FATA is the most horrible place for women on our planet where they do live in dark ages. Susceptible to social and psychological poverty, women in Federally Administrative Tribal Areas (FATA) have entitlement to nothing significant under 'Pakhtun code of honor.' With the arrival of Taliban, the situation is miserable beyond description. Sufferings of FATA women can be analyzed from various perspectives. At the very birth of a female kid, her father or elder develops a sense of potential threat to his honor that continues to haunt that innocent soul until she bids farewell to this world. She is kept deprived of education. Rarely in Waziristan, does one dare to send her female kid to school even for basic education.
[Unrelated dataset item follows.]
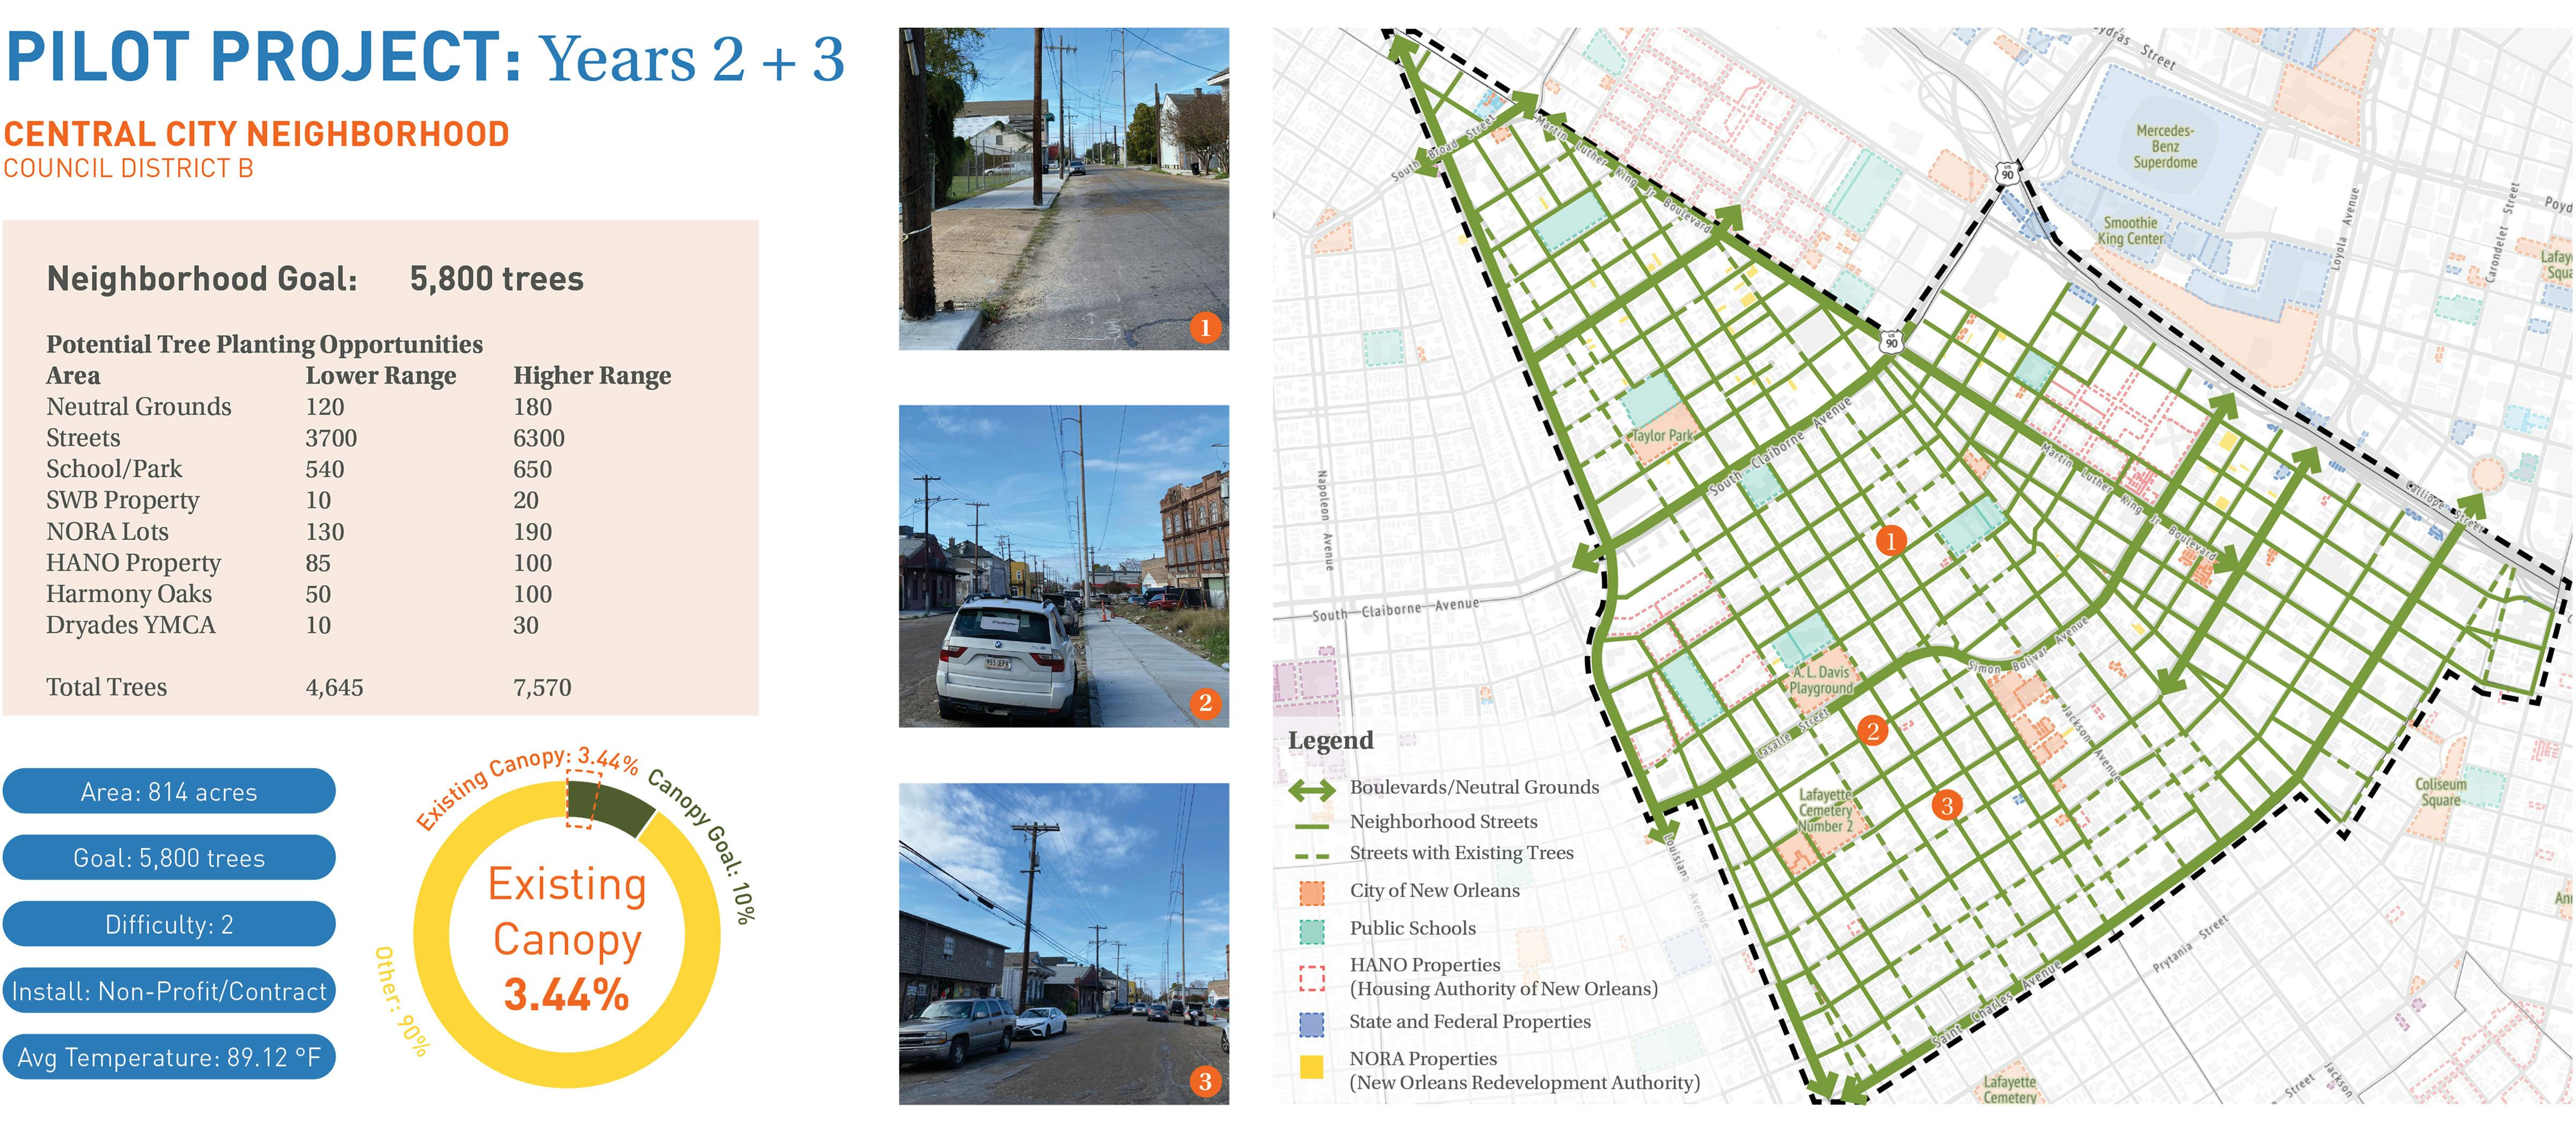 Pilot projects illustrates recommendations for years 2 and 3 for Central City Neighborhood, illustrating a goal of 5,800 trees and potential tree planting opportunity areas.

There are exceptionally few females who luckily reach universities for higher education. In fact they belong to salaried class of FATA. However, education does not bring light to their lives. Eventually they also suffer suffocating customs of their native areas.

The worst phase of her life begins with her adulthood. There are authentic narratives that even a gaze of outer world either through climbing the roof or entrance gate became the justification for killing them in the name of honor.  Honor has a very bizarre understanding among tribal people, wrapped in religious colors. Then comes the time of marriage. They can never marry of their choice. The custom of Walwar is profound. Paying hefty Walwar, a groom of inferior characteristics can get a charming bride.

Denial of right to marriage is ingrained in customary laws and not even that, sometimes women are given in Sawara, a custom to settle disputes by forcibly marrying a female with the male of victim's family. Besides this, marriageable age is not usually considered. Many underage girls are married to aged men either for Walwar or for Sawara.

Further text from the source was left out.